En décembre 2014, le Gouvernement s’était lui-même engagé à réduire de 10 à 5 contraventions sur une période de douze mois les critères permettant de caractériser ce délit qui est puni de 7 500 euros d’amende et de six mois de prison.

Six mois après cet engagement, rien n’a été fait.

Le présent texte propose d’agir enfin, et fortement, en fixant à trois contraventions sur une période de douze mois le délit d’habitude et, là encore, à étendre l’application de ce délit à tous les transports publics de personnes (article 4).

PROPOSITION DE LOI

Article 1er

Le port d’un titre d’identité est obligatoire pour tous les voyageurs, à l’exception des mineurs accompagnés de leurs parents, dans les transports publics de personnes.

Article 2

Lorsqu’un voyageur n’est pas en mesure de présenter un titre de transport valide, les agents de contrôle sont habilités à demander au contrevenant de justifier son identité.

En cas de refus de présentation d’un titre d’identité, les agents de contrôle font appel aux forces de police qui procèdent aux vérifications dans les conditions prévues aux articles 78-1 et suivants du code de procédure pénale.

Article 3

L’article L. 2242-5 du code des transports est ainsi rédigé :

« Est puni de 7 500 euros d’amende et de six mois d’emprisonnement le fait de refuser de présenter un titre d’identité aux agents assermentés mentionnés au I de l’article L. 2241-1 ou de leur déclarer intentionnellement une fausse adresse ou une fausse identité.

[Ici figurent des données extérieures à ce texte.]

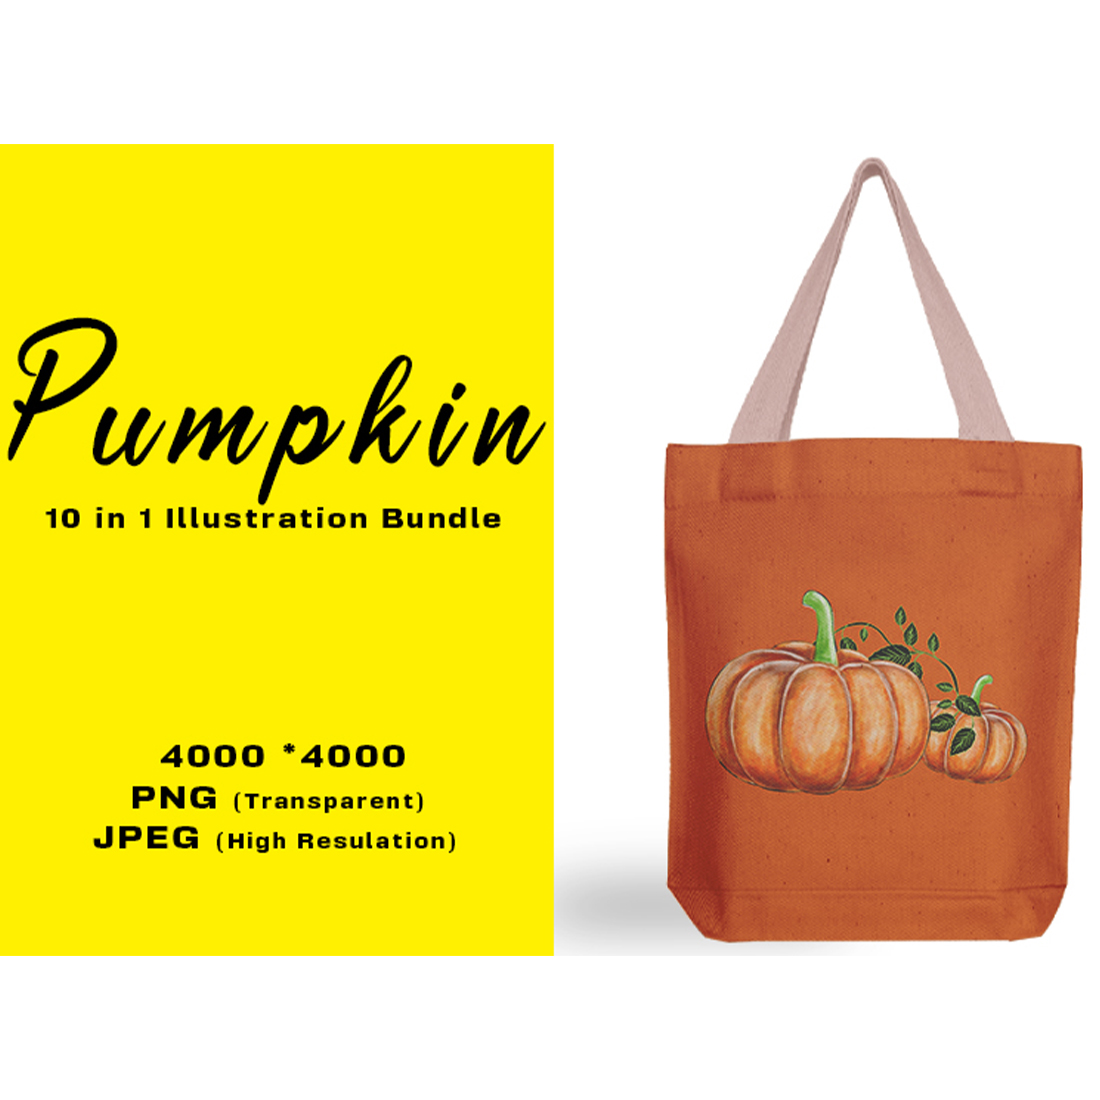 Image of bag with exquisite print with pumpkins

« Cette disposition s’applique à tous les transports publics de personnes. »

Article 4

L’article L. 2242-6 du code des transports est ainsi modifié :

1° Le premier alinéa est complété par une phrase ainsi rédigée :

« L’habitude est caractérisée dès lors que la personne concernée a fait l’objet, sur une période inférieure ou égale à douze mois, de plus de trois contraventions pour avoir voyagé sans titre de transport ou munie d’un titre de transport non valable ou non complété, qui n’ont pas donné lieu à une transaction en application de l’article 529-3 du code de procédure pénale. »

2° Après le premier alinéa, il est inséré un alinéa ainsi rédigé :

« Cette disposition s’applique à tous les transports publics de personnes. »

1 () Enquête nationale transports et déplacements.